Her study is divided into three broad, chronological sections. The first two chapters review the initial framework for interpreting 9/11. In this first chapter, this is seen through breaking-news TV coverage and special, “soft-news” programs such as America’s Most Wanted (but also in scripted dramas such as The West Wing), and in the second chapter, through the spate of counterterrorism shows that appeared in the early 2000s, such as The Grid and The Agency (along with, of course, 24). Both helped to forge a rapid “defense-reaction that linked fear to vigilance and violence to emotional release (p. 58). These shows exacerbated “popular feelings of vulnerability” and made routine the state of emergency that existed during and after 9/11 (pp. 95-96).

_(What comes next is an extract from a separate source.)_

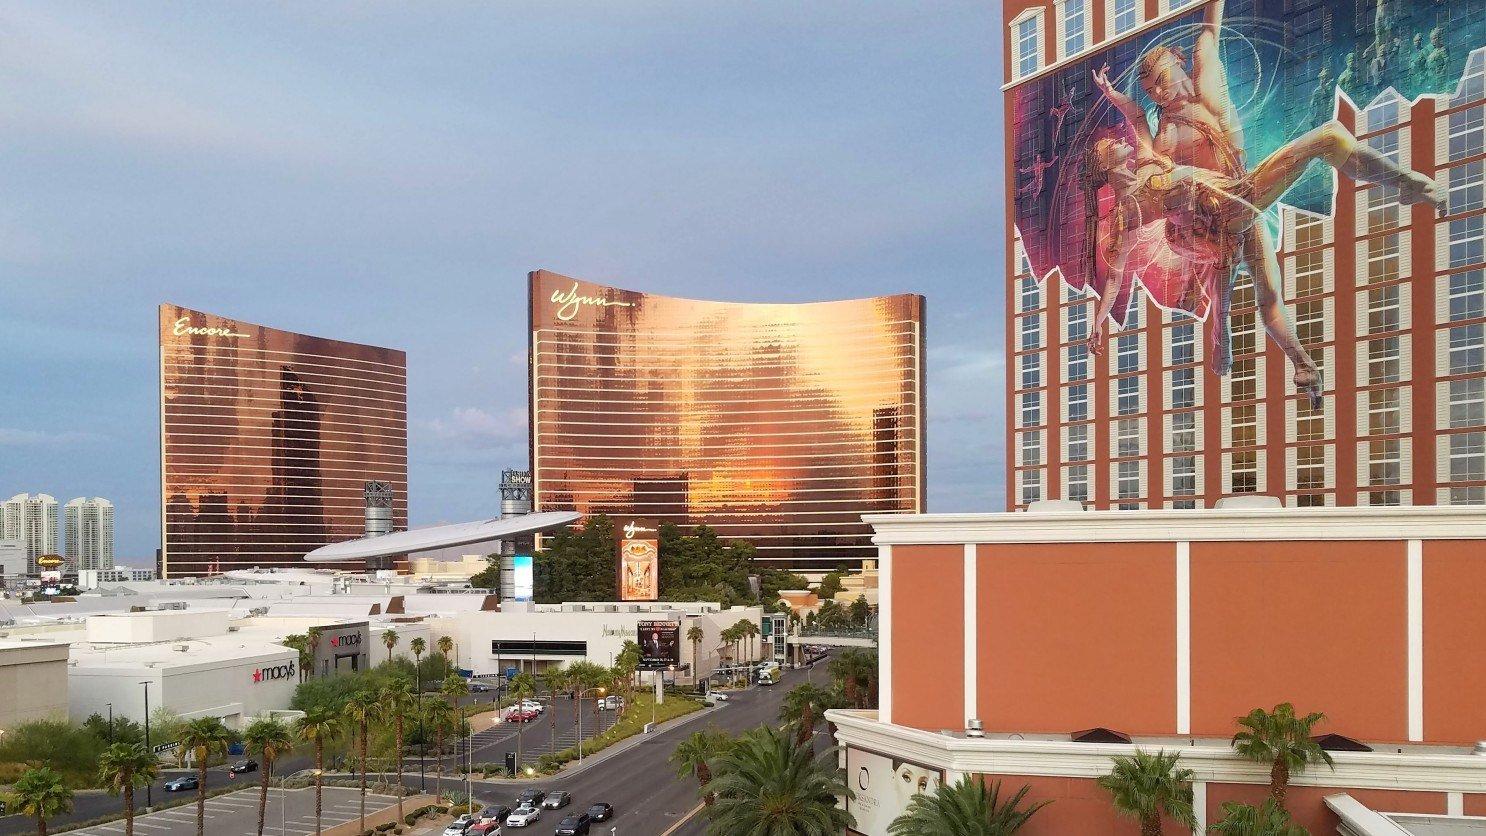 Vegas Wynn

The next three chapters examine the ways “militainment” dramas (those shows that contained especially strong military plots) blended ideas of citizenship with a newly reinvigorated martial ethos. Chapters 3 and 4, for example, describe military-media coproductions including the Discovery Channel’s Making Marines, CBS’s Profiles from the Front Lines, and Paramount’s JAG. These shows tended to reaffirm “the president’s [Bush’s] construction of the cause and conduct of the war as proportionate and just” (p. 98). “Gamedocs” and “docusoups” focused on the competitive and personal aspects of war at the expense of the nasty realities of combat. Some, such as VH1’s Military Diaries, which used raw footage produced by young service members to portray their gritty, day-to-day experiences, were more nuanced than others. Most, however, remained stridently jingoistic. The fifth chapter looks at more offbeat productions, such as FX’s Over There and HBO’s Generation Kill, that included antiwar sentiments and pushed the militainment genre to its logical limit. But even these programs halted their engagement before they reached deeper political questions, instead focusing on the “imperial grunt” and his or her professionalism and technical prowess.

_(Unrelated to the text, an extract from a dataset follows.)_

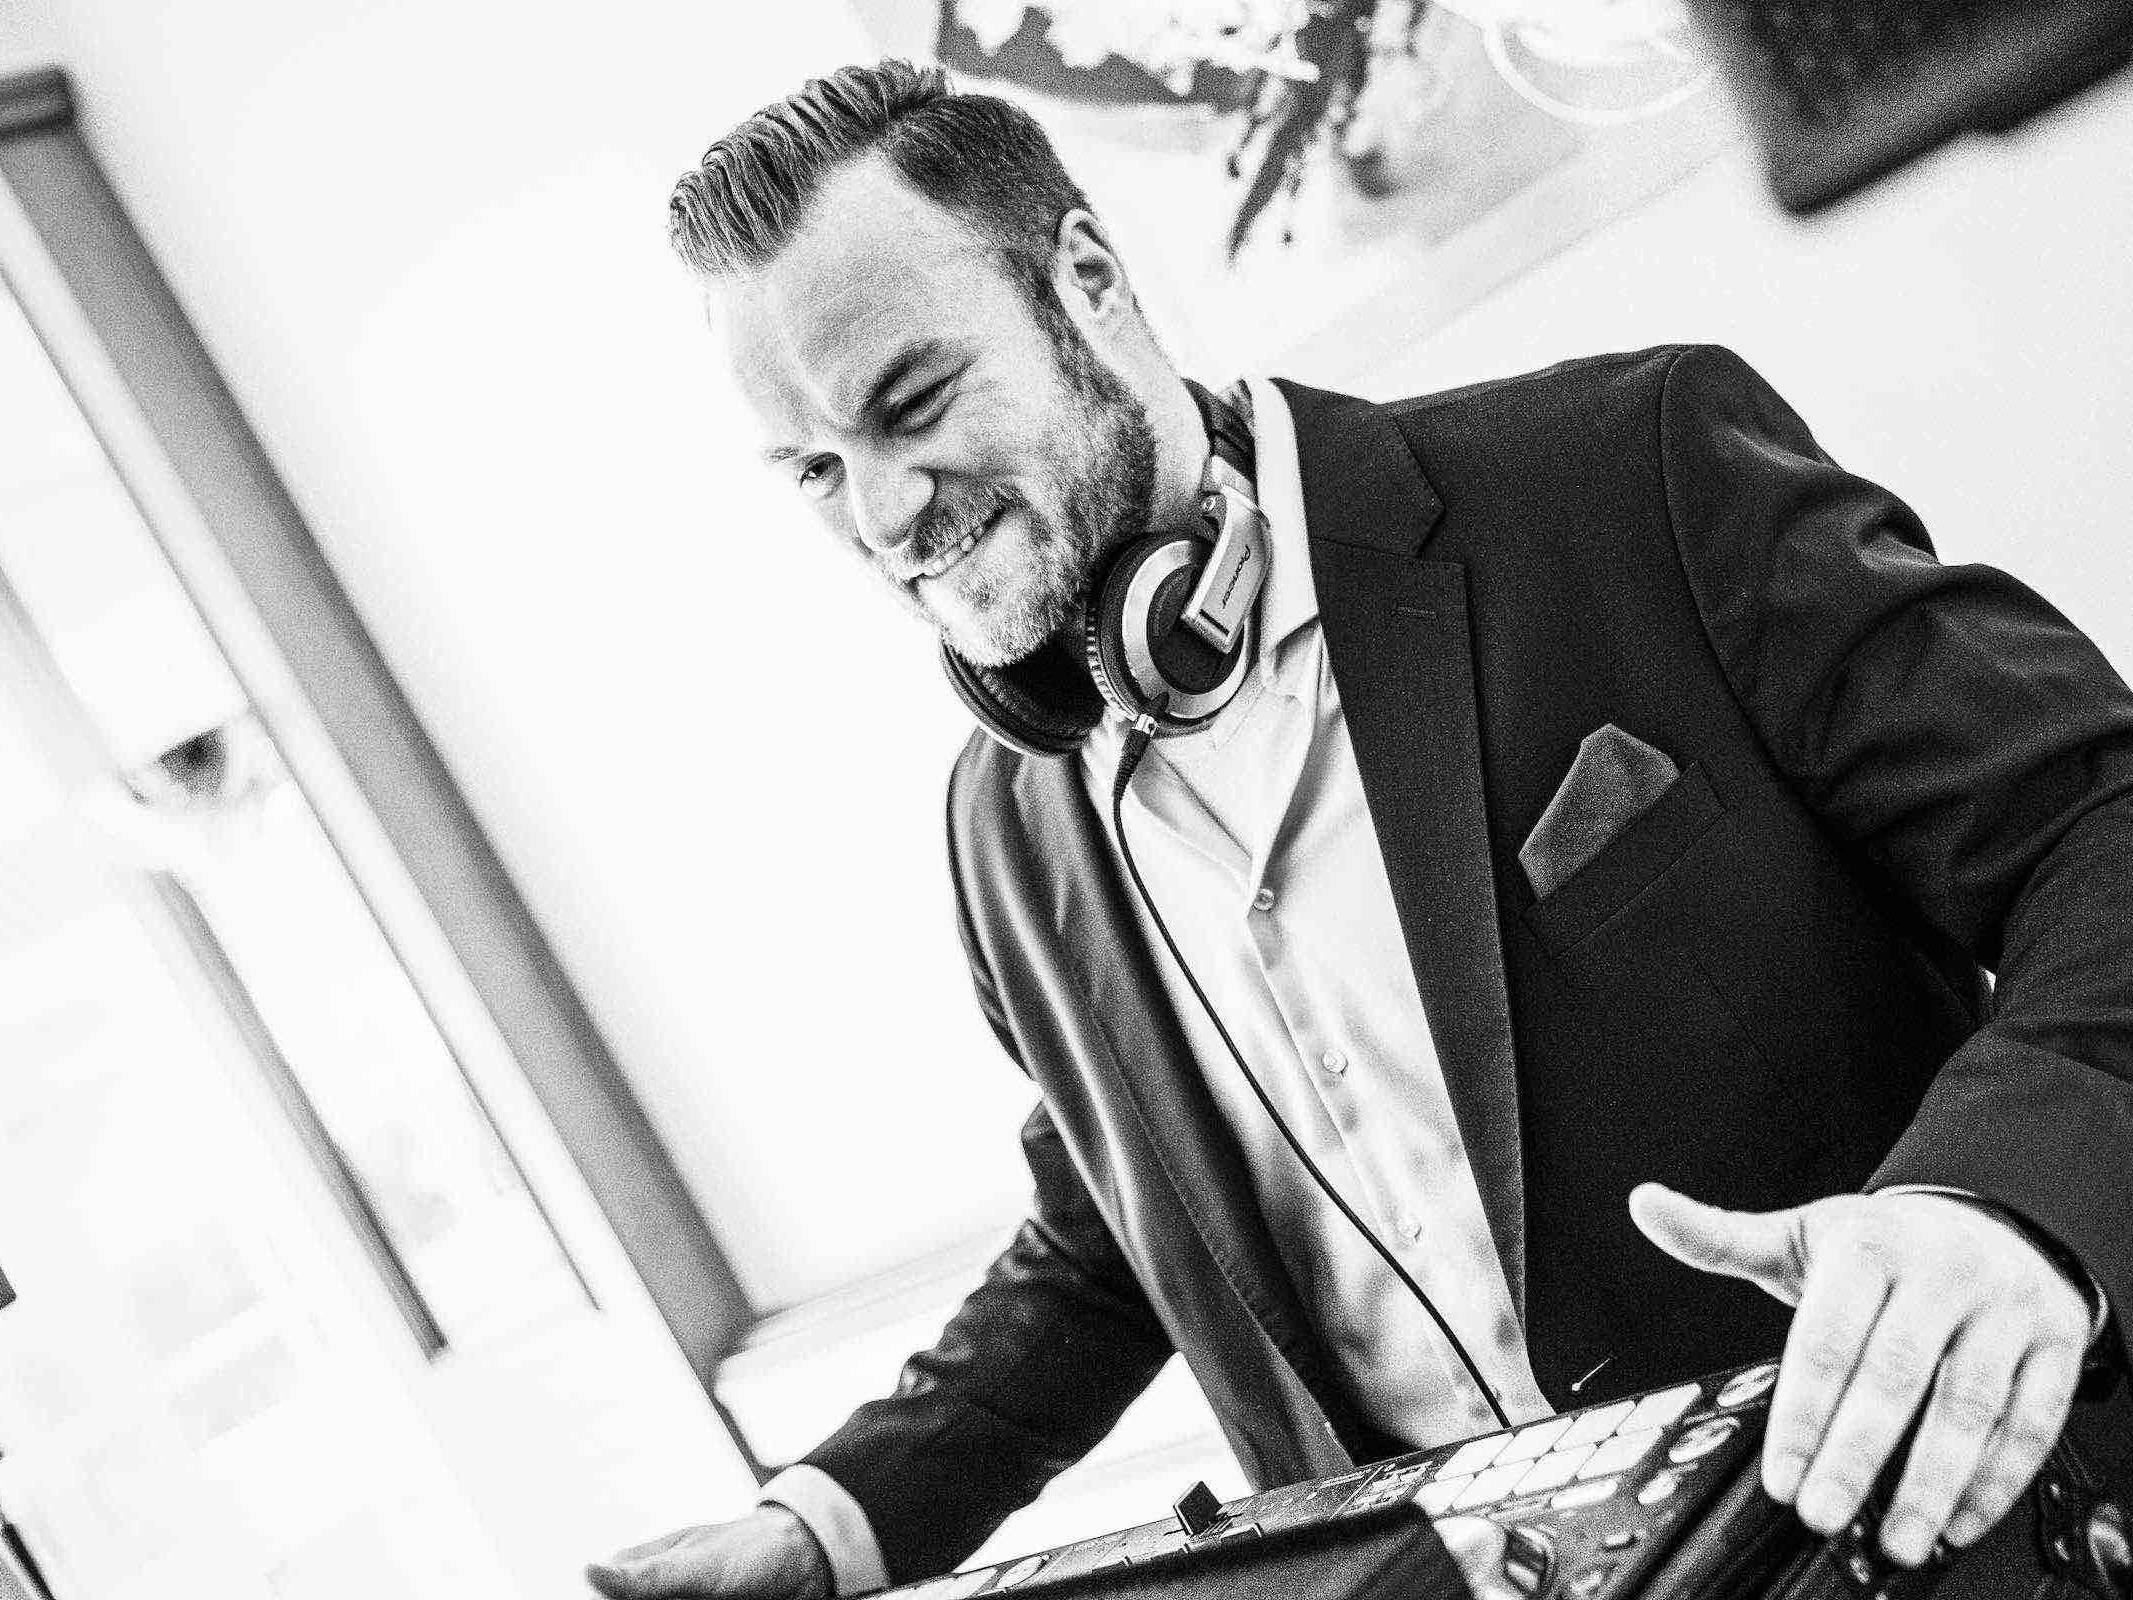 DJ | Hamburg | Buchen | Discjockey | Nils | DJ | Firmenfeier | Messe | DJ | Event | DJ | Geburtstag | DJ | Service | DJ | Kosten | DJ | Mieten | DJ | Anfragen | DJ | Agentur | Hamburgfeiert

The last section deals with the counternarratives that Takacs identifies as pushing back against previous depictions of the wars in Iraq and Afghanistan as inherently good, if hard, struggles. To that end, chapter 6 looks at how programs as diverse as The Daily Show, Lost, and Battlestar Galactica created dissenting spaces that questioned some of the methods used to fight the war on terror. “They invited viewers to wake up from the ‘terror dream’ and embrace a more active role in the deliberation of the nation’s values and practices” (p. 200). Chapter 7 traces the appearances of wounded, returning veterans in reality-TV shows such as Extreme Makeover Home Edition and scripted shows such as ER, Law and Order, and Six Feet Under. In all these case studies, Takacs reminds us that TV is not a democratic public sphere, but it is a “prodigious storytelling machine” that has given its increasingly interactive viewers “a wealth of opportunities to confront and test the guiding assumptions of their society” (p. 236).

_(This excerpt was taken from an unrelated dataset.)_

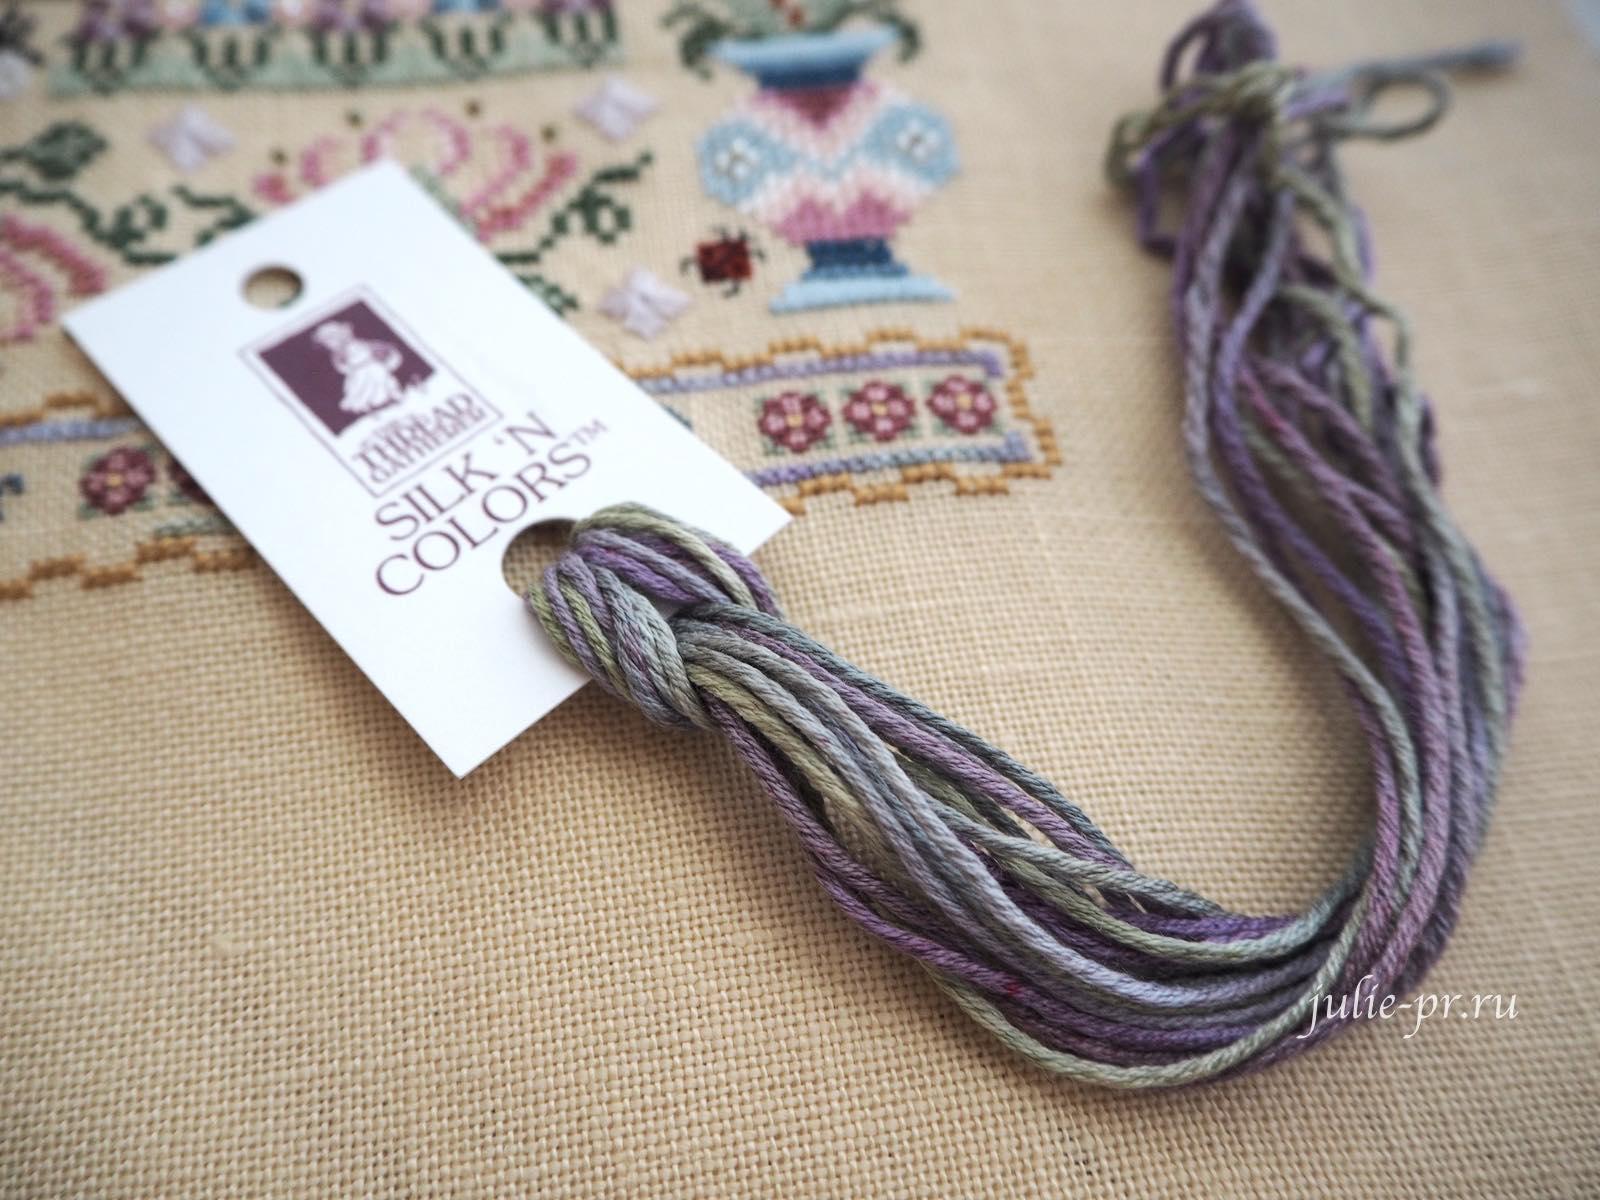 шелк ручного окрашивания Silk'n colors от The Thread Gatherer, Wild Violets (номер SNC 112)

As an American studies scholar, Takacs is inspired by Michel Foucault and the latter’s investigations into how knowledge and power act as controlling phenomenon in Western society. She also claims that “there is an obsession with terrorism that is out of all proportion to the actual occurrence of terrorist activities in or against this country;” this has had the effect of reorienting “social policy away from domestic needs and toward foreign affairs, sanctioned the conduct of wars with questionable strategic merit, institutionalized surveillance and the suspension of civil liberties … and promoted an imperialistic expansion of U.S. power” (pp. 21-22).
This worldview heavily structures how she views the popular media’s framing of 9/11 and its aftermath. This is not to say that such a pronounced point of view is not helpful. Most of her analysis remains informed, and not co-opted, by her stated political beliefs. But by downplaying some of the immediate anxieties surrounding terrorism (and the then very real unknown quality of the specter of terrorism, at the time), it should be remembered that Takacs, in her study, is not acting as an historian. To be fair, she does not claim to be. And indeed, by looking critically at such a wide range of media materials, she provides an engaging, opinionated foray into the ways our media mediated our national processing of 9/11.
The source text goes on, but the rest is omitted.